The FTC’s questions include employer names, details about the roles to which the noncompetes were applied, geographic and time-bound terms, and opinions about the impact of such agreements. The question set also includes specific questions about public opinion regarding health care providers. The deadline for submissions is Nov. 3.

Five days after announcing their end to the legal fight over the noncompete ban, the FTC announced that it had sent warning letters to an untold number of “large health care employers and staffing firms,” according to a news release.

A template version of the letter states, in part, that “available evidence indicates that in practice many employers impose noncompetes without due consideration to whether they are necessary and appropriate under the circumstances, including whether less restrictive alternative contract terms may sufficiently achieve the same procompetitive purposes.”

Emily Tichenor, an attorney and shareholder at the health care law firm Polsinelli, pointed out to BHB that the FTC warning letters’ stated concern with rural and underserved markets aligns with concerns that many in behavioral health have when it comes to care access.

This sentiment from the FTC aligns with Tichenor’s general reading of the court when it comes to the use and enforcement of noncompetes with clinicians.

“When you’re enforcing medical staff noncompetes, courts are very mindful of patient choice; it’s something that comes up,” Tichenor said. “So sometimes it can be hard to enforce either noncompetes or non-solicits against health care professionals because courts will say, ‘Hey, patients can choose, and I’m not going to get in the way of that.”

Across health care, especially in and among hospital systems, consolidation makes the impact of any employer’s post-employment agreements particularly powerful. This makes noncompetes a “compounded issue,” Lauren Aydinliyim, associate professor of management at the Zicklin School of Business at Baruch College, told BHB.

While the departure of a physician from a practice can present challenges, the act of consolidation can challenge even a physician’s ability to resist restrictive agreements. Specifically, Aydinliyim highlighted how acquiring organizations may consider changing terms of employment, including advantageous noncompetes, to coerce doctors to stay at the organization or using the threat of being let go if the agreement is not signed.

“That’s not even getting into the fact of whether or not these are enforceable or not,” Aydinliyim said. “That’s a whole other question.”

For example, noncompetes are banned in California. Because employees often don’t know their rights, they may believe they are subject to them when, in reality, they are not.

“We have to assume a lot of information asymmetries,” Aydinliyim said. “If employees don’t know that their noncompetes are not enforceable, most people assume, when they’re handed a contract by their employer, that it’s been vetted by an attorney or that there’s a reason that they’re being asked to sign it and then go ahead and do so.”

While it’s not clear what changes may be coming, Aydinliyim noted that the FTC is willing to take action on the use of noncompetes that are too broad, even within niche industries.

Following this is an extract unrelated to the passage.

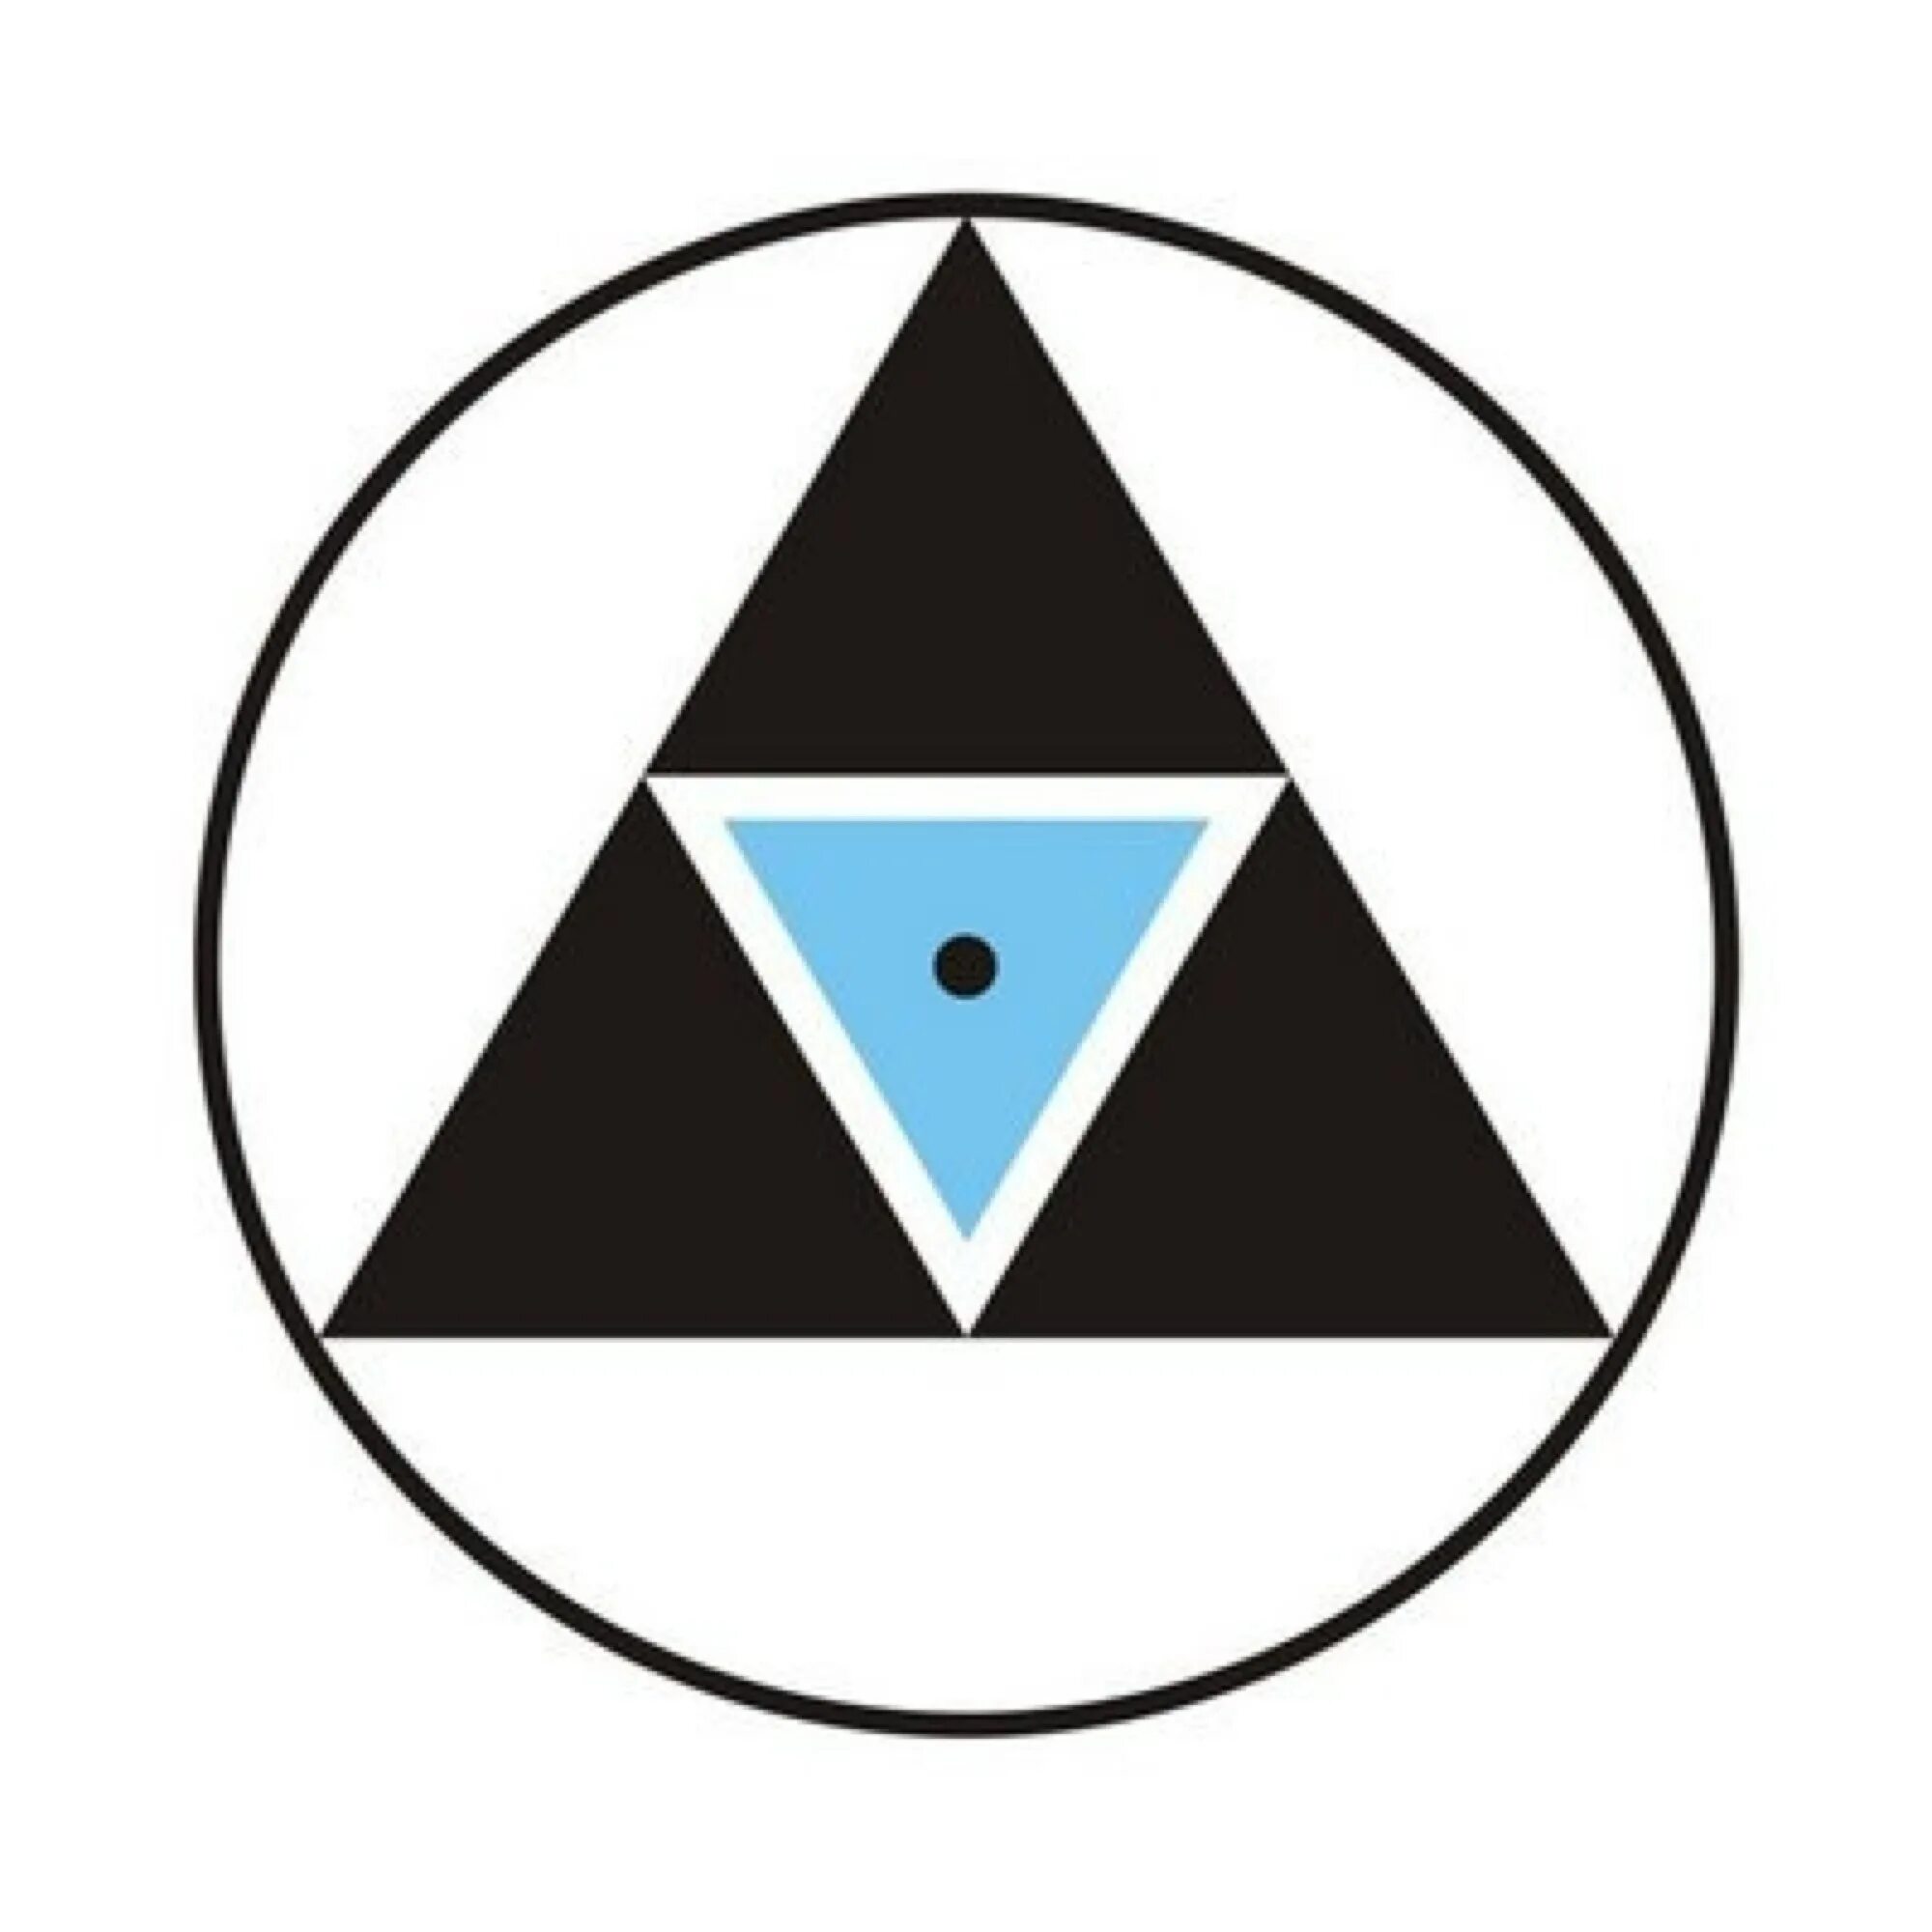 Синий треугольник в круге. Треугольник в круге. Круг с треугольником внутри. Треугольные символы. Перевернутый треугольник символ.

The FTC filed a complaint against Gateway Services, the largest pet cremation services provider in the U.S., saying that its nearly universal noncompete forbidding ex-employees from working in the pet cremation industry for a year after leaving the company was “anticompetitive.” Gateway employs about 2,000 people and operates 100 locations in the U.S. that serve about 17,000 veterinary locations.

The FTC specifically said these noncompetes “unfairly alter the bargaining positions between employees and Gateway.” It also freezes out any other competitors.

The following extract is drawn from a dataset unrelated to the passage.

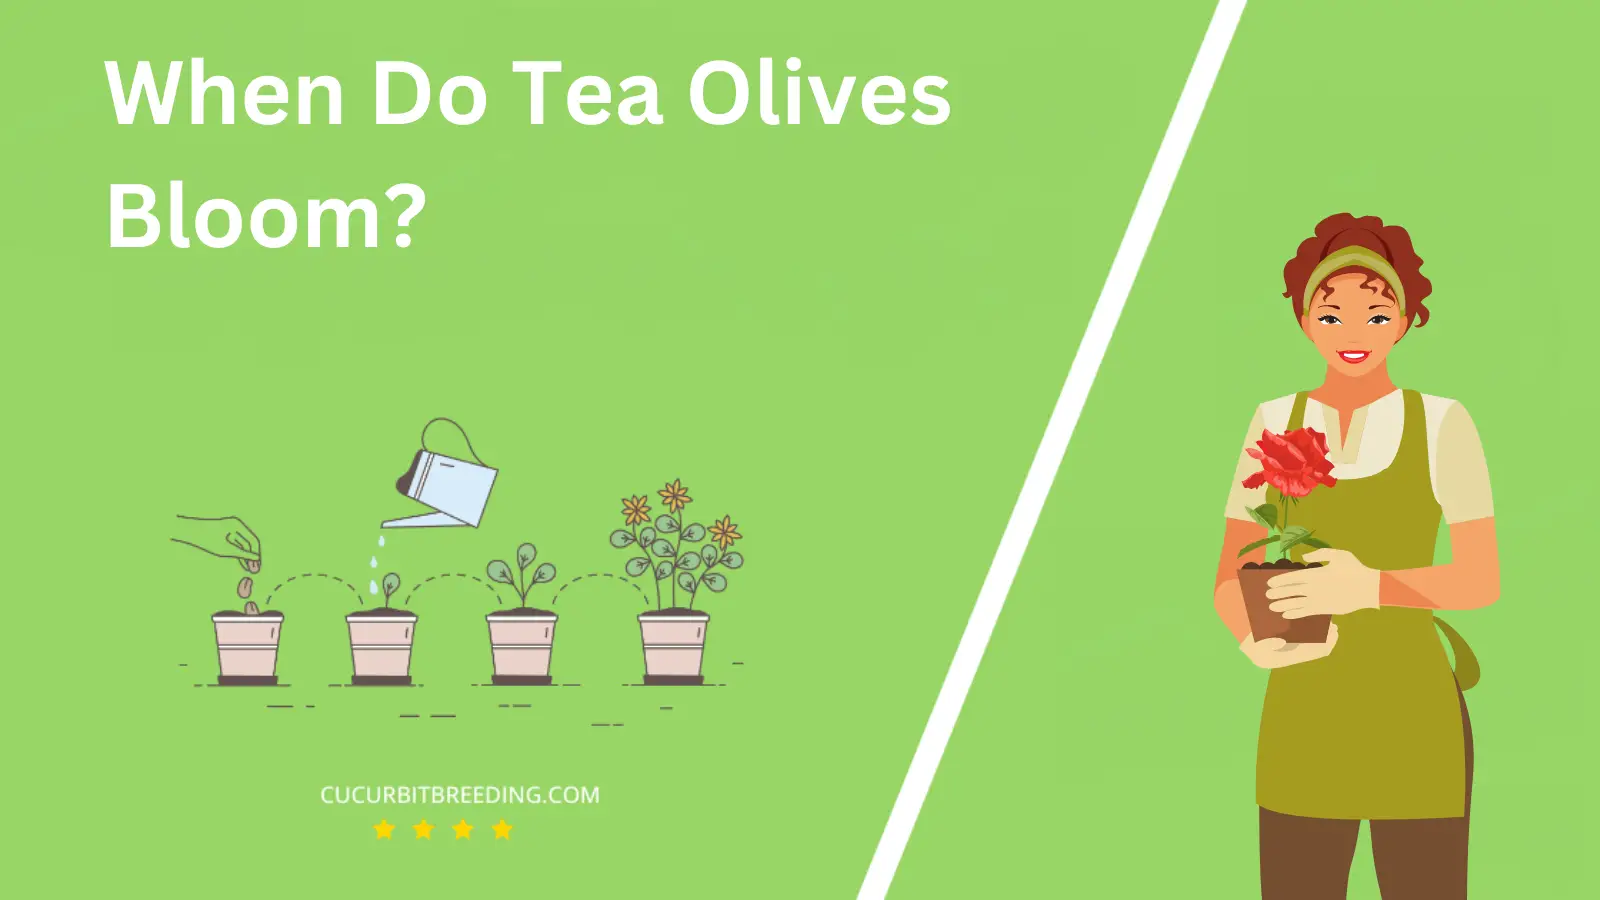 When Do Tea Olives Bloom?

The legal experts BHB spoke with said there are several other legal and human tools to balance a company’s interest in incentivizing retention and protecting its proprietary interests.

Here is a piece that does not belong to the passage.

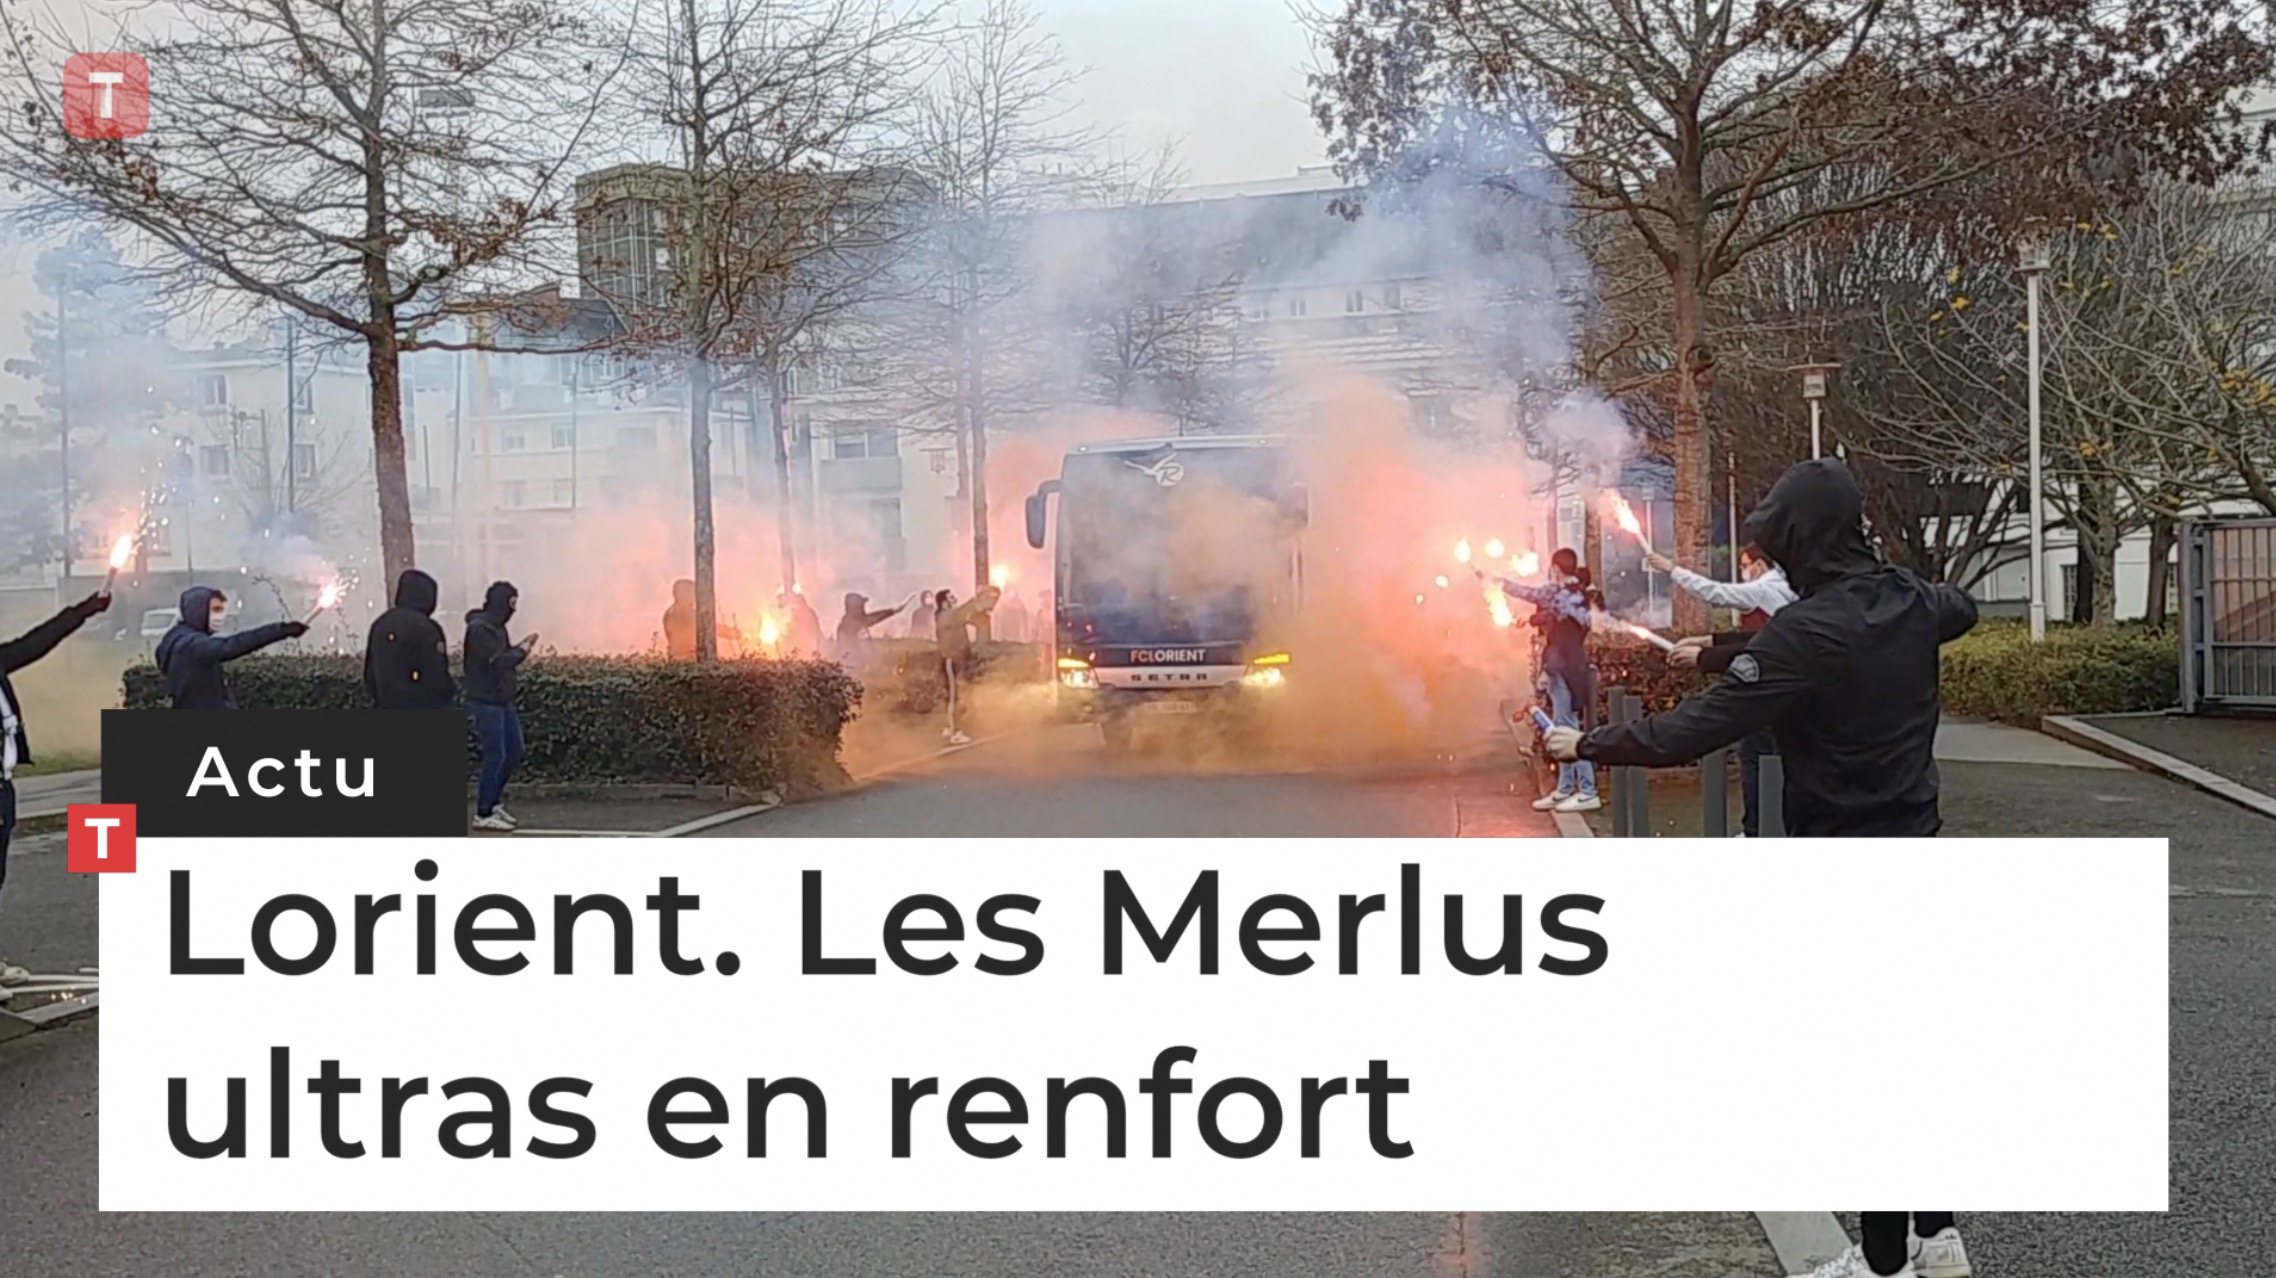 Lorient. Les Merlus ultras en renfort (Le Télégramme)

On the former point, companies that train employees can establish repayment agreements if a certain timeframe of employment is not met. More on the “carrot” side, clear progressions in pay and retention bonuses make the benefit of staying in a job clear.

“Generally, have a workplace people want to be,” Tichenor said. “Turnover is expensive regardless of whether or not [an employee] is going to a competitor or not.”